→ Data
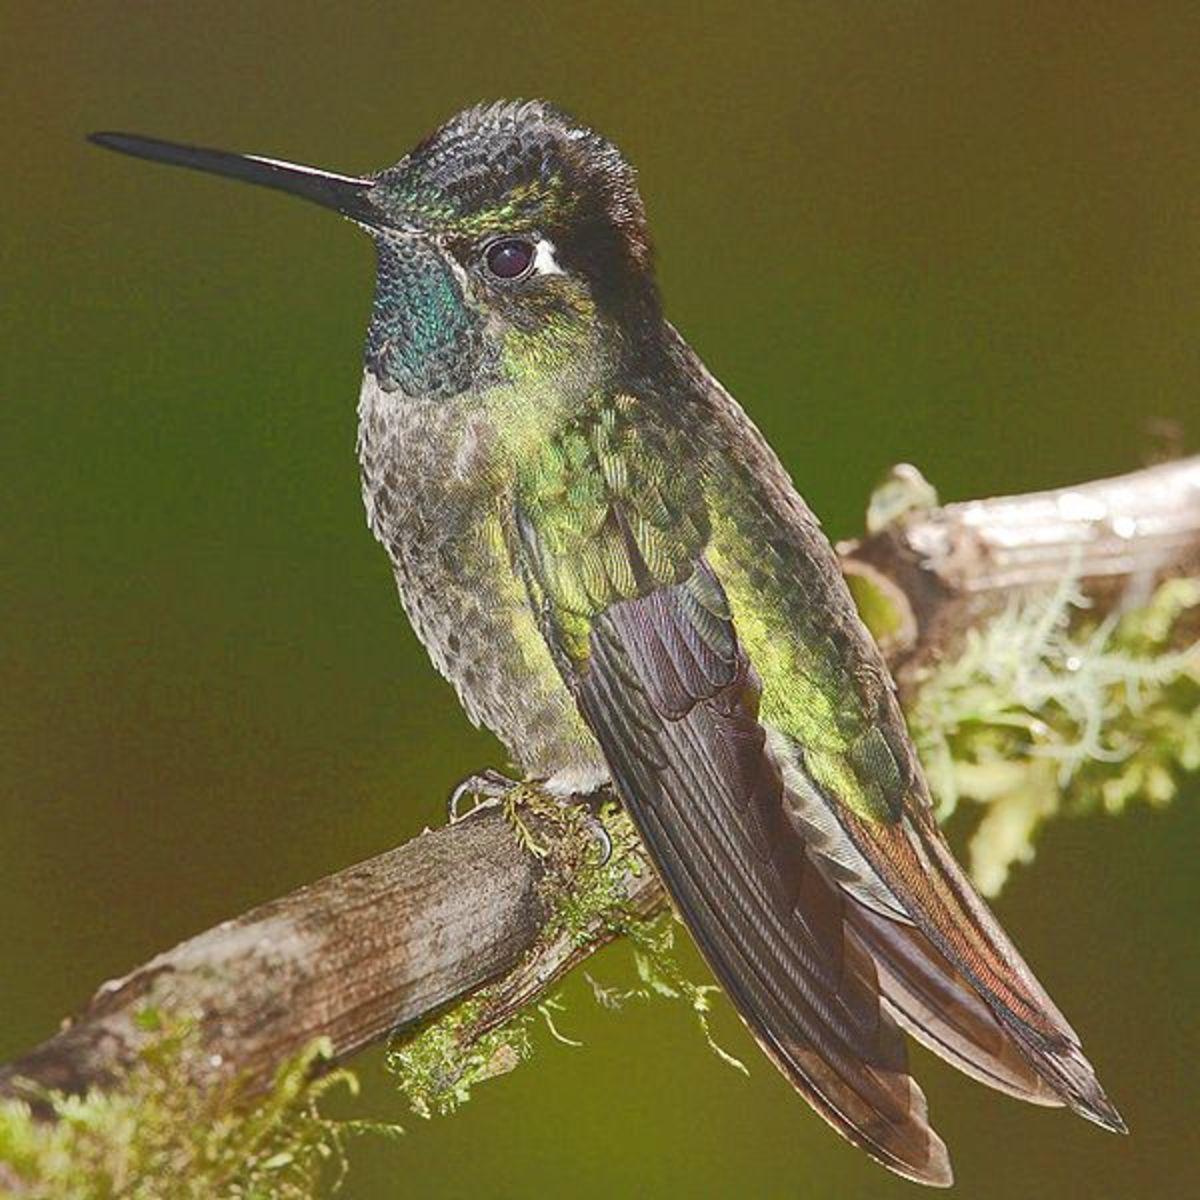 Different species of humming birds: Magnificent Hummingbird
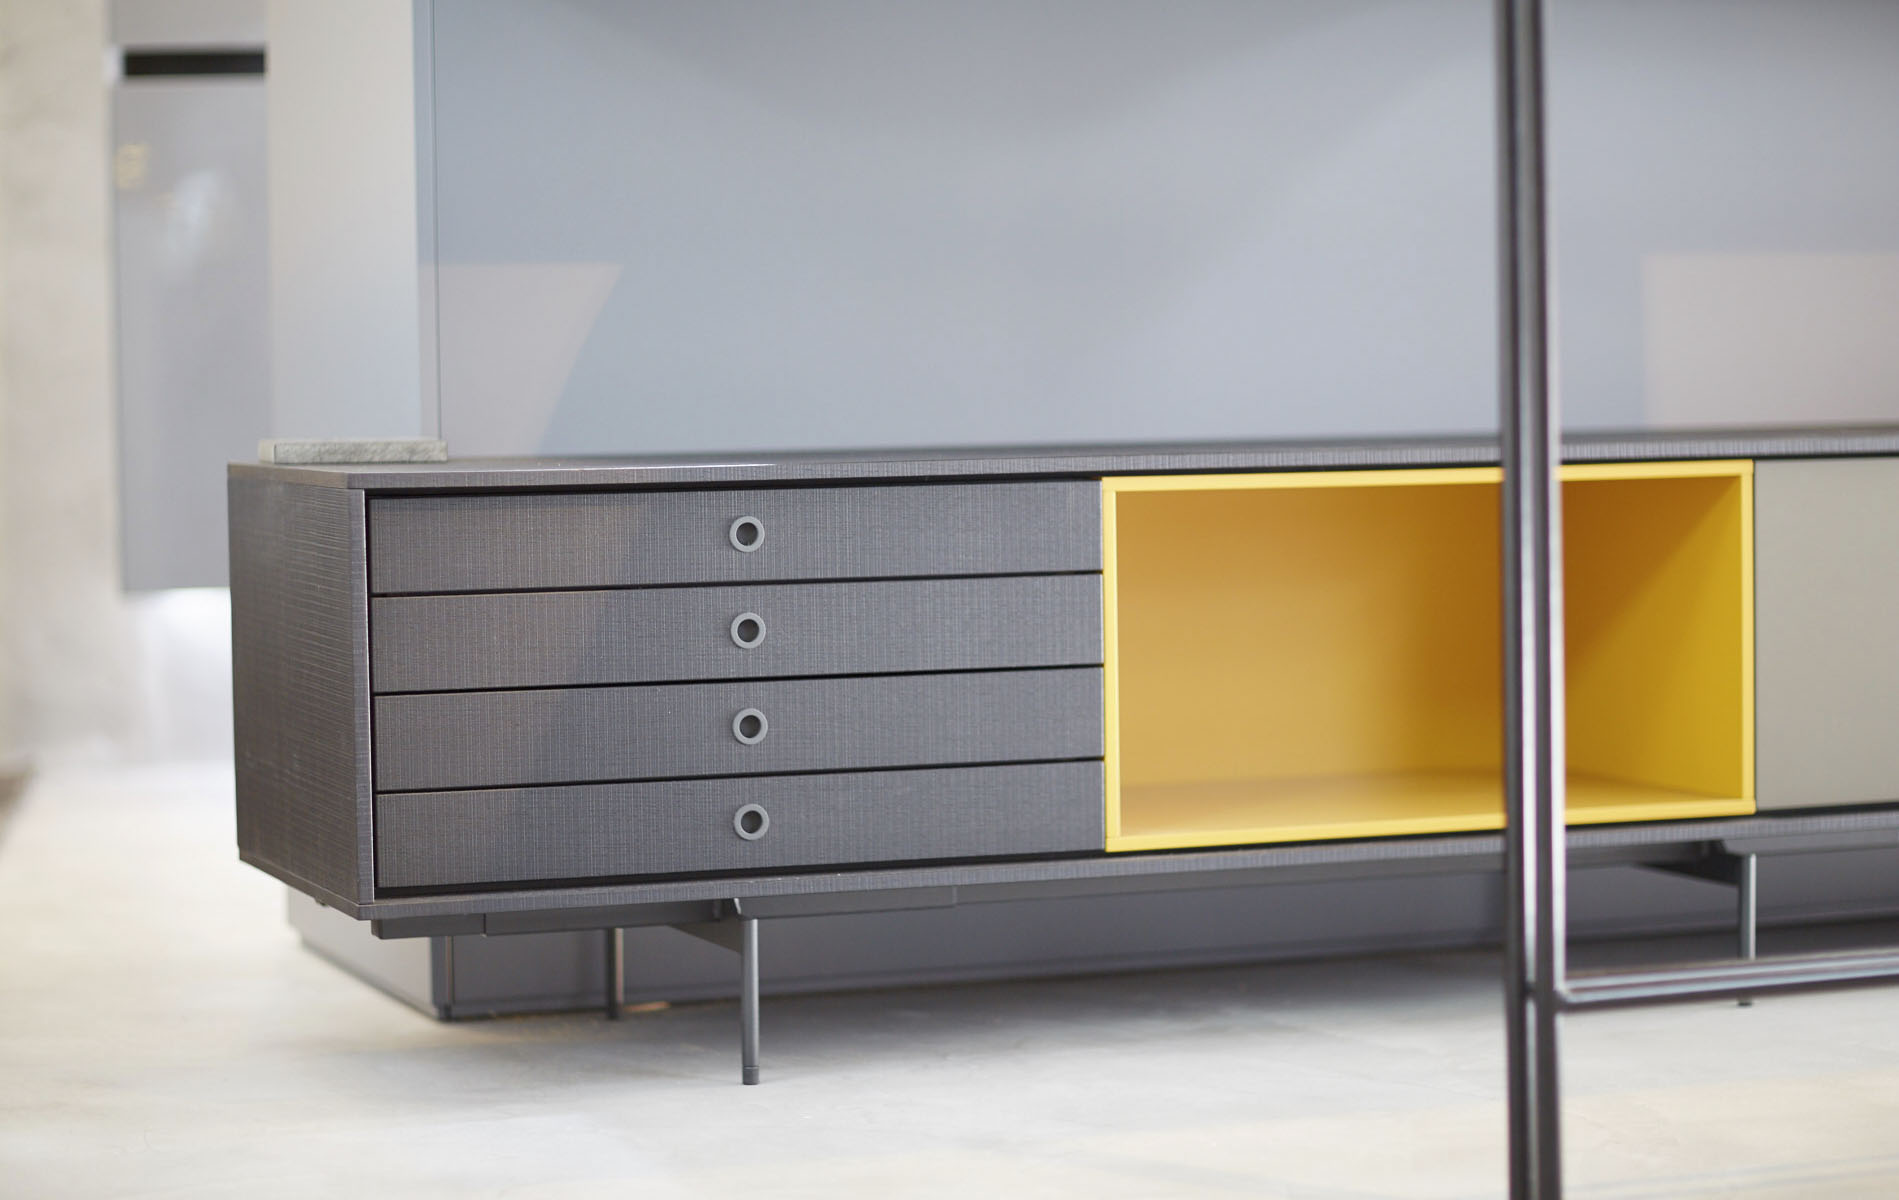 muebles butragueno obtenga ideas dise o de muebles para
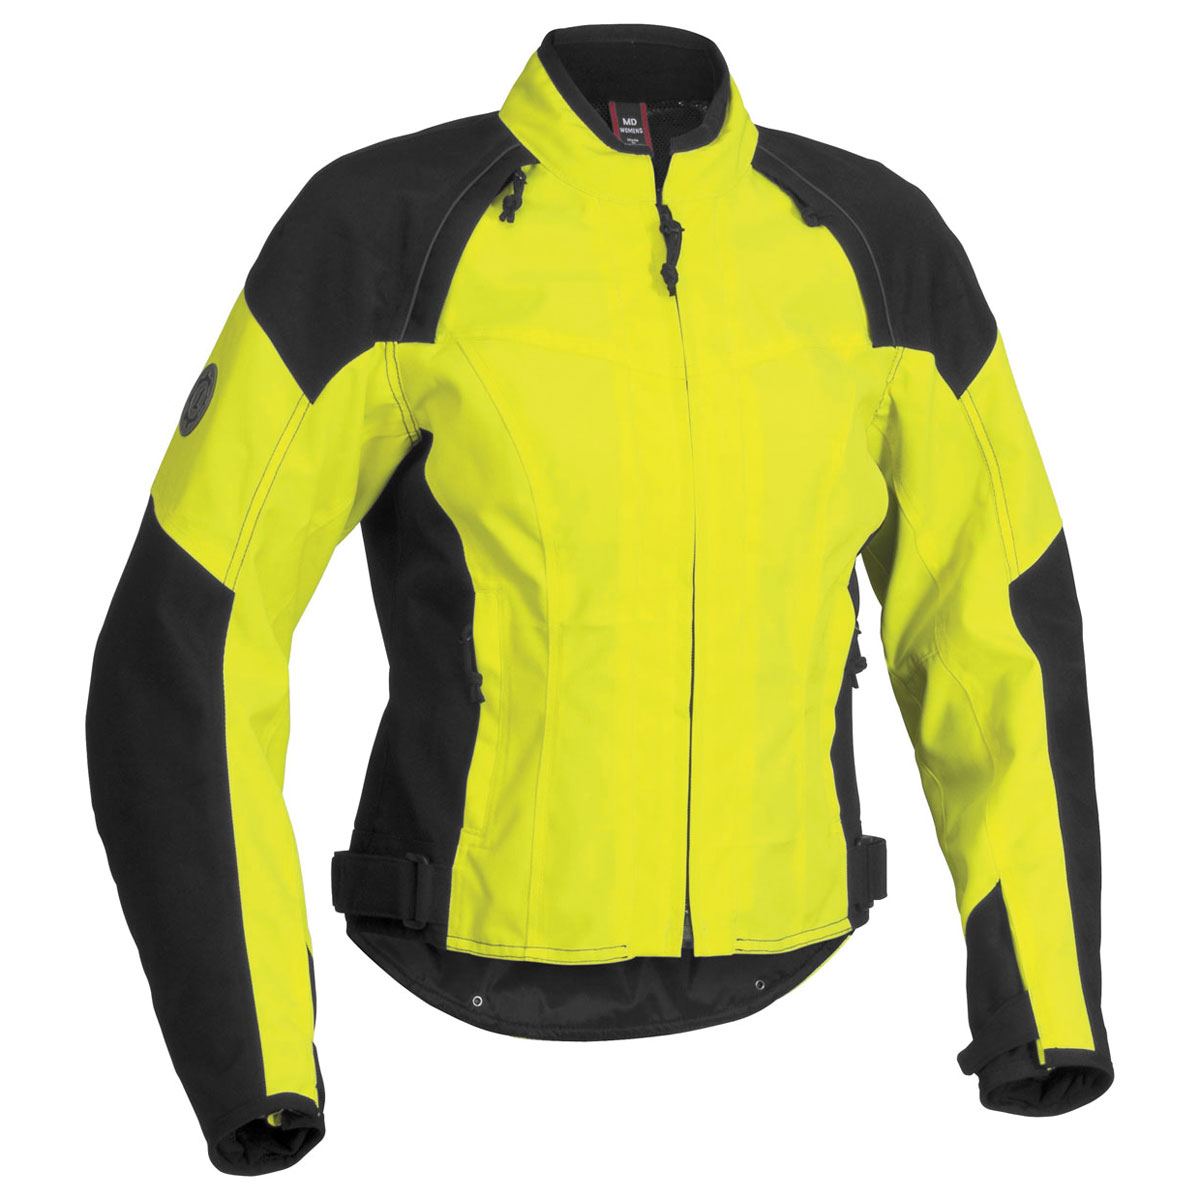 Firstgear Women's Contour DayGlo Textile Jacket

→ What is needed
Return the whole of the material above exactly, with no picture carried over.

→ Response below
 Different species of humming birds: Magnificent Hummingbird
 muebles butragueno obtenga ideas dise o de muebles para
 Firstgear Women's Contour DayGlo Textile Jacket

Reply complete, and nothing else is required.